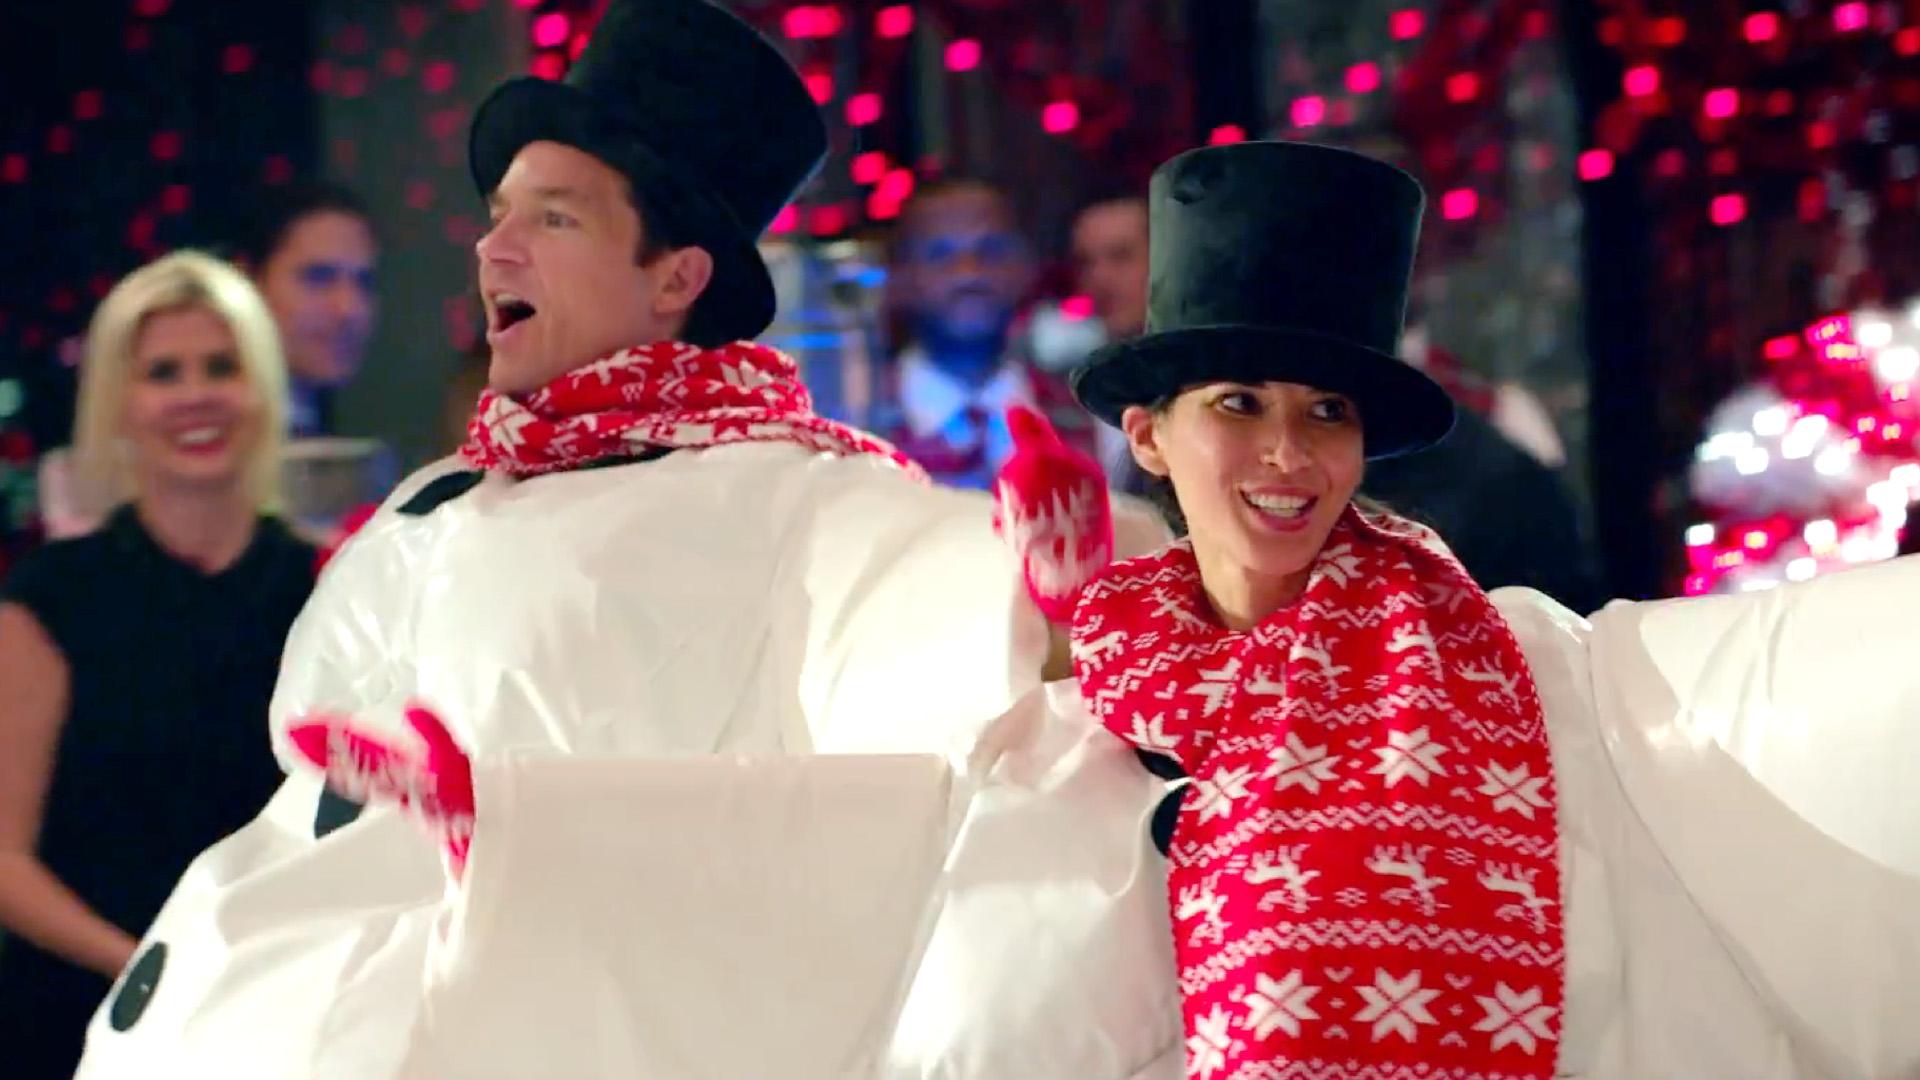 Office Christmas Party: Office Christmas Party Movie Clip - Sumo ...
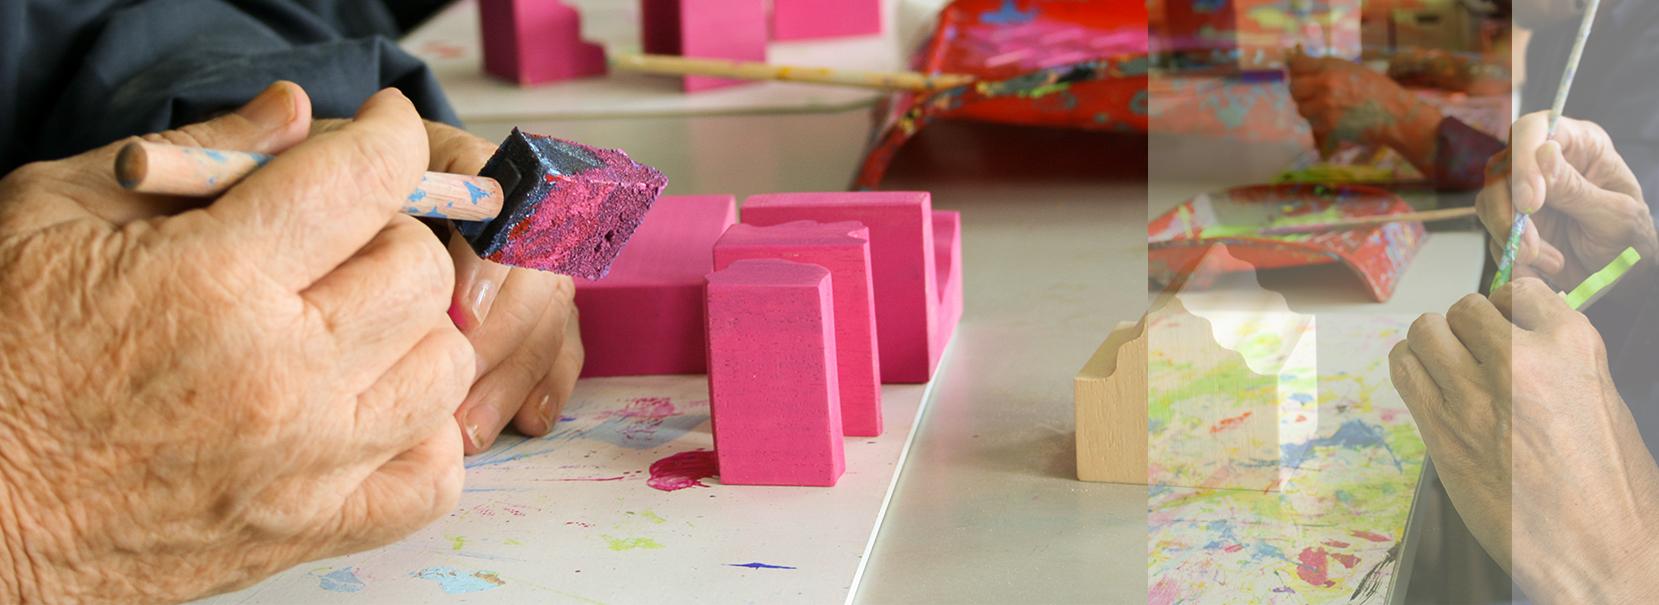 fotografía de detalle de manos pintando los puzzles
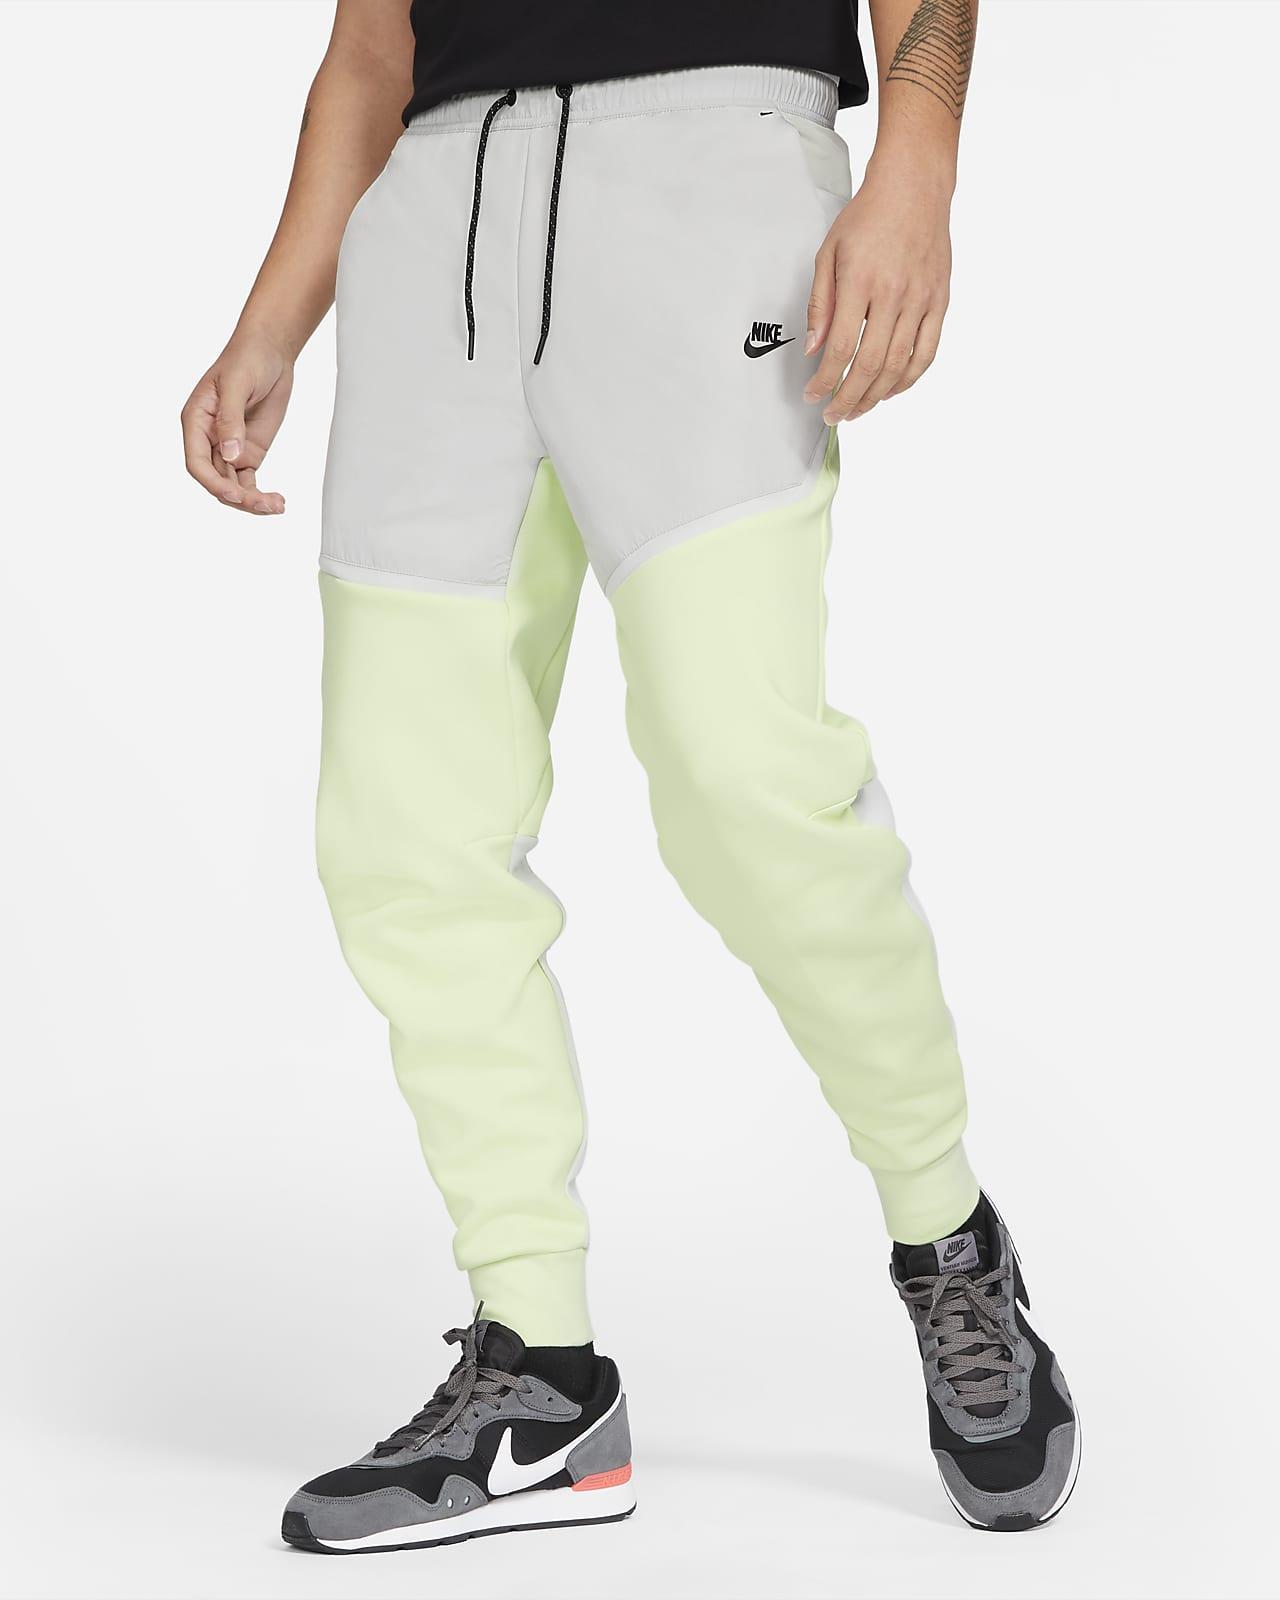 silencio Calificación Novelista  Nike Sportswear Tech Fleece Men's Woven Joggers. Nike LU
-------
Task objective - Where an image appears in the data, skip it, and return the rest verbatim.

Result of this exercise -
 Office Christmas Party: Office Christmas Party Movie Clip - Sumo ...
 fotografía de detalle de manos pintando los puzzles
 silencio Calificación Novelista  Nike Sportswear Tech Fleece Men's Woven Joggers. Nike LU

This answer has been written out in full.